Our retail segment operations include the following:
We are one of the largest independent retailers of refined products in the central and southwest U.S. and eastern Canada. Our retail operations are segregated geographically into two groups: Retail-U.S. and Retail-Canada.
Sales in Retail-U.S. represent sales of transportation fuels and convenience store merchandise and services through our company-operated retail sites. For the year ended December 31, 2010, total sales of refined products through Retail-U.S.’s retail sites averaged approximately 119,900 BPD. In addition to transportation fuels, our company-operated convenience stores sell tobacco products, beer, fast foods and sandwiches, snacks, fountain drinks, bagged ice, and candy. Our stores also offer services such as ATM access, money orders, lottery tickets, car wash facilities, air and water, and video rentals. On December 31, 2010, we had 994 company-operated sites in Retail-U.S. (of which 80 percent were owned and 20 percent were leased). Our company-operated stores are operated primarily under the Corner Store® brand name. Transportation fuels sold in our Retail-U.S. stores are sold primarily under the Valero® brand.
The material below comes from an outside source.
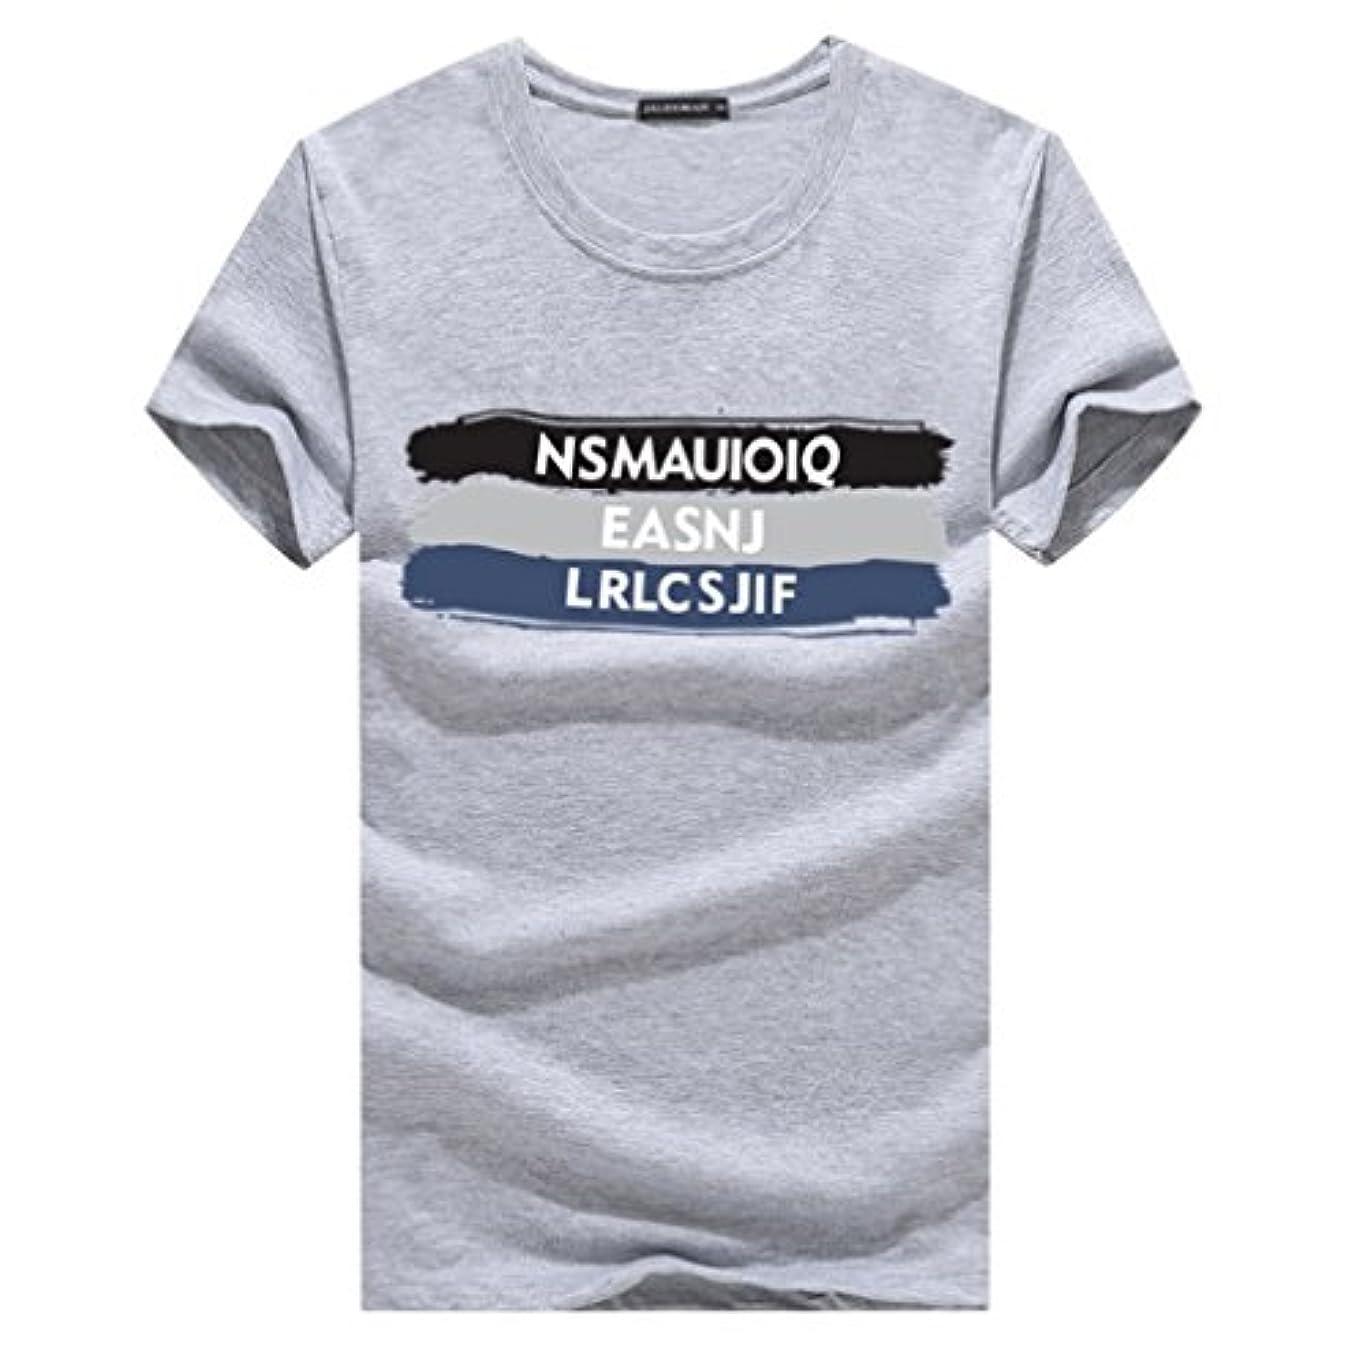 しわ摘むスパークSmaidsxSmile(スマイズ スマイル) トップス Tシャツ カットソー 半袖 シンプル 丸首 Uネック ロゴ 英字 柄 メンズ

Sales in Retail-Canada include the following:
Retail-Canada includes retail operations in eastern Canada where we are a major supplier of refined products serving Quebec, Ontario, and the Atlantic Provinces of Newfoundland, Nova Scotia, New Brunswick, and Prince Edward Island. For the year ended December 31, 2010, total retail sales of refined products through Retail-Canada averaged approximately 75,400 BPD. Transportation fuels are sold under the Ultramar® brand through a network of 812 outlets throughout eastern Canada. On December 31, 2010, we owned or leased 392 retail stores in Retail-Canada and distributed gasoline to 420 dealers and independent jobbers. In addition, Retail-Canada operates 83 cardlocks, which are card- or key-activated, self-service, unattended stations that allow commercial, trucking, and governmental fleets to buy transportation fuel 24 hours a day. Retail-Canada operations also include a large home heating oil business that provides home heating oil to approximately 138,000 households in eastern Canada. Our home heating oil business tends to be seasonal to the extent of increased demand for home heating oil during the winter.
Our financial results are affected by volatile refining margins and global economic activity.
Our financial results are primarily affected by the relationship, or margin, between refined product prices and the prices for crude oil and other feedstocks. Our cost to acquire feedstocks and the price at which we can ultimately sell refined products depend upon several factors beyond our control, including regional and global supply of and demand for crude oil, gasoline, diesel, and other feedstocks and refined products. These in turn depend on, among other things, the availability and quantity of imports, the production levels of domestic and foreign suppliers, levels of refined product inventories, productivity and growth (or the lack thereof) of U.S. and global economies, U.S. relationships with foreign governments, political affairs, and the extent of governmental regulation. Historically, refining margins have been volatile, and we believe they will continue to be volatile in the future.
Continued economic turmoil and hostilities, including the threat of future terrorist attacks, could affect the economies of the U.S. and other countries. Lower levels of economic activity during periods of recession could result in declines in energy consumption, including declines in the demand for and consumption of our refined products, which could cause our revenues and margins to decline and limit our future growth prospects.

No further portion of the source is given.